§ Extracted records:
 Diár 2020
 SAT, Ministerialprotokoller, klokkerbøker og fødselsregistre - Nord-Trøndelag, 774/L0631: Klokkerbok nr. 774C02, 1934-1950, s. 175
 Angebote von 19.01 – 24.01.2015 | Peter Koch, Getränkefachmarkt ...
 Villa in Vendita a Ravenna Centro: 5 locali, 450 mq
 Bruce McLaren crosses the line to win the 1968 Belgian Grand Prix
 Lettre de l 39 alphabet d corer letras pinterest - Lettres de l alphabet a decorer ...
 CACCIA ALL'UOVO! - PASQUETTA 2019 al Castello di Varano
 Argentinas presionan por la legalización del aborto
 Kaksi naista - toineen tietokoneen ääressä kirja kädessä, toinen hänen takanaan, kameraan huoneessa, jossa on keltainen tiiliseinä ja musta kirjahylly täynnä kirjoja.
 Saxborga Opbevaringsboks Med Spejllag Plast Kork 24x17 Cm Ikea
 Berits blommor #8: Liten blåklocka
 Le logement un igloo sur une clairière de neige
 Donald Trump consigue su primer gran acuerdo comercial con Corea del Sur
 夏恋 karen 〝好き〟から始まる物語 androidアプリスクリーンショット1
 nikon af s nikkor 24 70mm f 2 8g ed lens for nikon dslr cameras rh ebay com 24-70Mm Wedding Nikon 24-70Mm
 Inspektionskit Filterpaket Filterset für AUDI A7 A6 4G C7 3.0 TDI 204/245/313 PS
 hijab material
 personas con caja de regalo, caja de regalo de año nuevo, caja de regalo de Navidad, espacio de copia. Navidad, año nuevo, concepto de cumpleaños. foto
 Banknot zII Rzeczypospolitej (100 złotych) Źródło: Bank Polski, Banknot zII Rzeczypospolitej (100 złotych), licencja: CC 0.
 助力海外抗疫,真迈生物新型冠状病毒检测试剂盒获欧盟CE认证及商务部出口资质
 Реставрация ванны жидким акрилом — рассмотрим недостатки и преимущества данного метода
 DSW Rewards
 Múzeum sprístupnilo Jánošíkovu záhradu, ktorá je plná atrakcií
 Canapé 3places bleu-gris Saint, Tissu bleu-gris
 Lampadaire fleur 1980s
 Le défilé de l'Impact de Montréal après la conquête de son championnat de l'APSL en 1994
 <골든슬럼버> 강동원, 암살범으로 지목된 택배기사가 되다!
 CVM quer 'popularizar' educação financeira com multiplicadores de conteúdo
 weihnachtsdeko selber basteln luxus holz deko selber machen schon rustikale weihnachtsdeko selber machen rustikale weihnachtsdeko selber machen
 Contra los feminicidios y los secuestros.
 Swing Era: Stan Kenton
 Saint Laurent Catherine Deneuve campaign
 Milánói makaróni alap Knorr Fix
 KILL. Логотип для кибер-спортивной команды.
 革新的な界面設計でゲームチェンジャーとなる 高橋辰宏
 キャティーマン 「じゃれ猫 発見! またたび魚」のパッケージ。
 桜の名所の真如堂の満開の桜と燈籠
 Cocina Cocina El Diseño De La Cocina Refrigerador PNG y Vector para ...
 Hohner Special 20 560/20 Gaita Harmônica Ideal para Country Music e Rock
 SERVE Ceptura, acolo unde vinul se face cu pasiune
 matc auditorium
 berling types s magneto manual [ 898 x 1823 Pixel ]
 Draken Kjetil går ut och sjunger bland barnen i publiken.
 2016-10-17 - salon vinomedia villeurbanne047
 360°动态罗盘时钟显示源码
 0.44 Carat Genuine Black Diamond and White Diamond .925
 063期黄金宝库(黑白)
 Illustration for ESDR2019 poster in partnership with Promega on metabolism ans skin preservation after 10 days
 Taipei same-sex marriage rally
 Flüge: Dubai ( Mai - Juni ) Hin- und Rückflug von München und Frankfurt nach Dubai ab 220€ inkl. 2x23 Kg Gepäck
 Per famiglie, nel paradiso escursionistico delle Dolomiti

§ The problem:
Lines from the top of the entries through the line with "CACCIA ALL'UOVO! - PASQUETTA" are to be transcribed exactly, and nothing more.

§ Answer to the exercise:
 Diár 2020
 SAT, Ministerialprotokoller, klokkerbøker og fødselsregistre - Nord-Trøndelag, 774/L0631: Klokkerbok nr. 774C02, 1934-1950, s. 175
 Angebote von 19.01 – 24.01.2015 | Peter Koch, Getränkefachmarkt ...
 Villa in Vendita a Ravenna Centro: 5 locali, 450 mq
 Bruce McLaren crosses the line to win the 1968 Belgian Grand Prix
 Lettre de l 39 alphabet d corer letras pinterest - Lettres de l alphabet a decorer ...
 CACCIA ALL'UOVO! - PASQUETTA 2019 al Castello di Varano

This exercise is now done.